Expansion in Imperial College London’s Research Computing Services over the past decade had resulted in over 30 separate and independently managed islands of storage – silos that were difficult to access, manage and use. The group needed to enable researchers to access data with ease and speed, so they remain solely focused on their research projects - while integrating legacy and future compute systems and managing data throughout its life-cycle in line with stringent regulatory compliance guidelines.
The new Research Data Store (RDS) is built around ArcaStream PixStor, a high-performance scalable storage platform based on IBM Spectrum Scale parallel file system, which combines flash, disk, tape, and cloud storage into a single global name space. The infrastructure is geographically dispersed with a 5PB storage repository at a primary site and a secondary site for disaster recovery, served by PixStor with asynchronous replication and intelligent tiering to external storage targets. RDS also includes Excelero’s NVMesh®, software that enables the sharing of NVMe Flash storage resources across any network and supports any local or distributed file system. NVMesh provides a scalable NVMe tier for extreme metadata performance. Users benefit from the performance of local flash with the convenience of centralised storage while reducing the overall storage total cost of ownership.

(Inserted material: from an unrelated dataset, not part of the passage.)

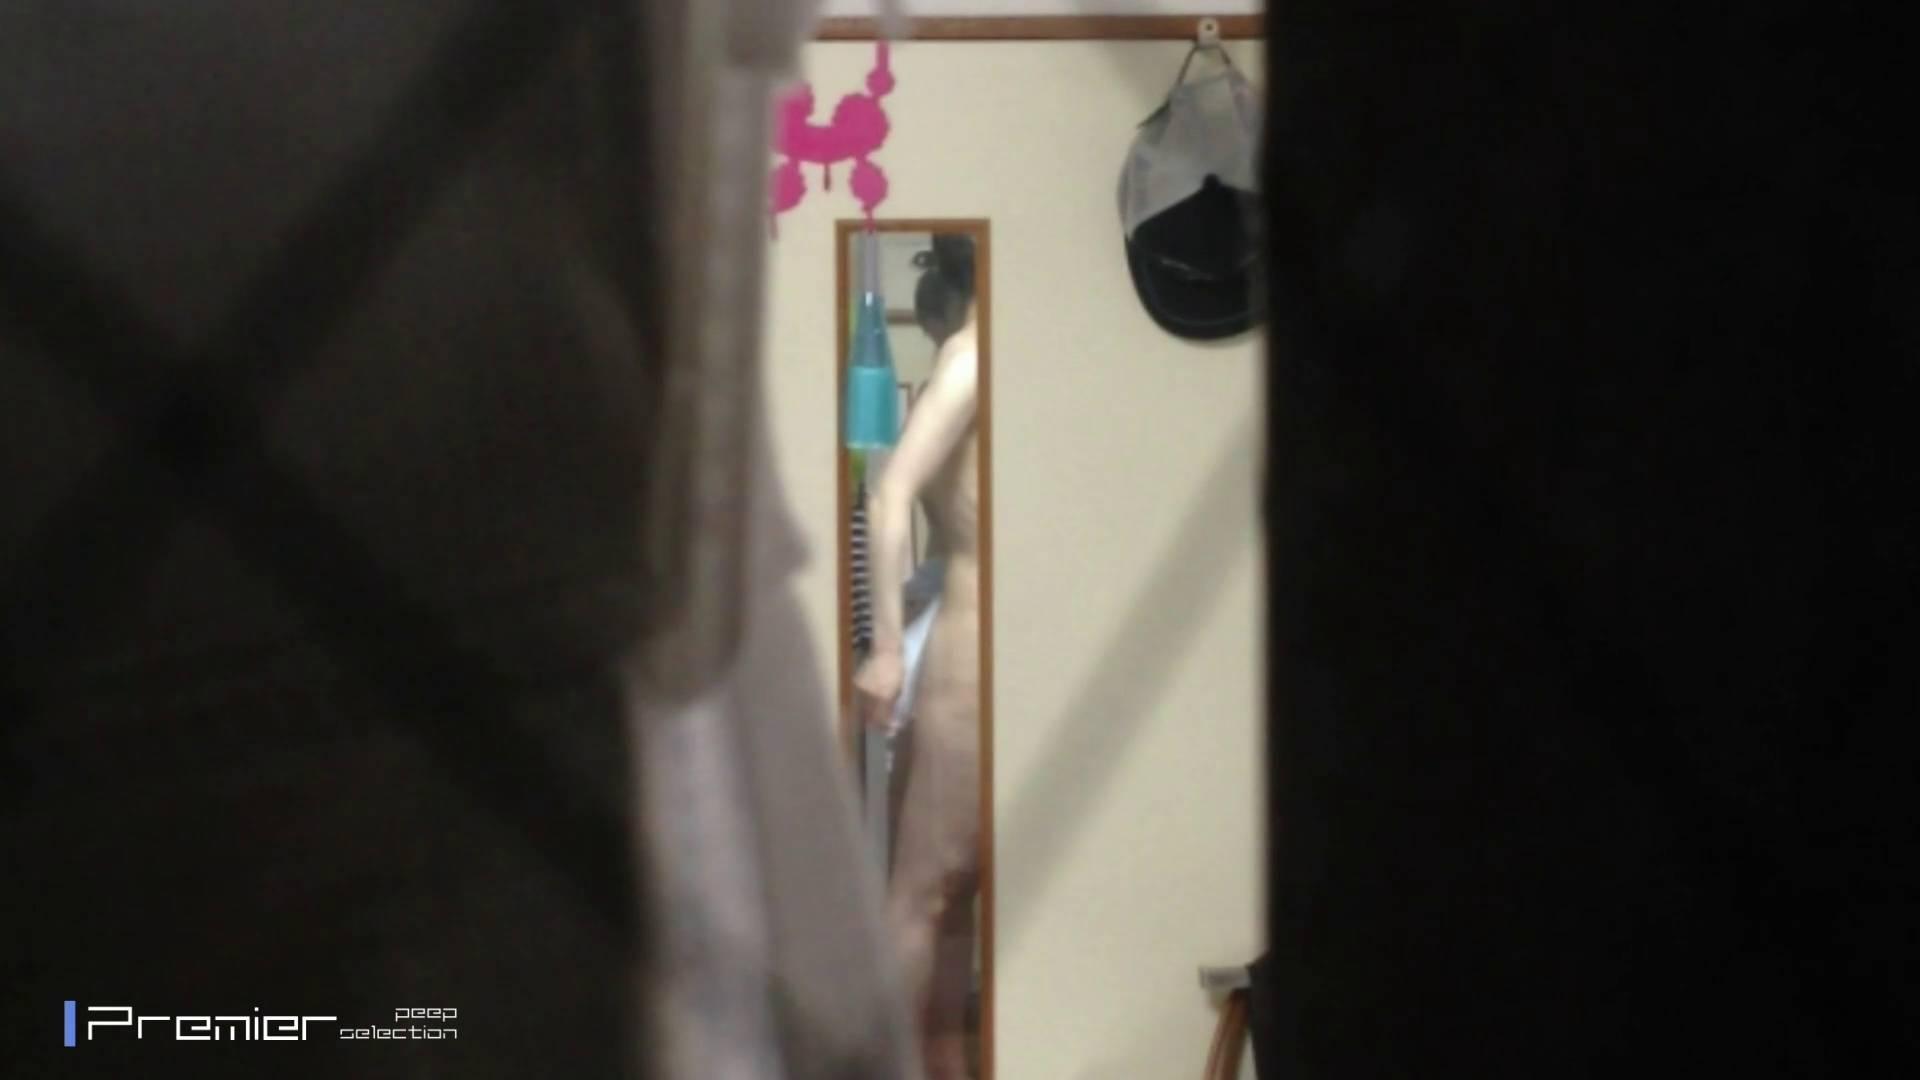 美女たちの日常に潜むエロス 美女達の私生活に潜入! 美女  89pic 60

With this new robust infrastructure, Imperial College London’s RDS now simultaneously serves 2,000 existing HPC nodes and over 3,000 users seamlessly, with 20GB/s of throughput with no loss of interactive user performance.
“The usability of the systems for interactive use in particular has improved significantly,” explains Matthew Harvey, RDS project lead and RCS Manager at Imperial College. “Previously, there were frequent interruptions to interactive use because the file system load for some compute jobs effectively squeezed out users. Users would log into the system, type in their search criteria but it could take more than 10 seconds to respond. Now that is a thing of the past.”
The new RDS supports a charge-back strategy where researchers cost-out storage as services on their grants – instead of charging users based on reserve capacity. More effective management of storage capacity also allowed the College to avoid costly additions. The ArcaStream platform provides tools and insight needed to understand the access patterns of data on the file system for each project allocation. “This information governance is enabling us to store valuable data more intelligently and economically,” Imperial College London’s Matthew Harvey continued.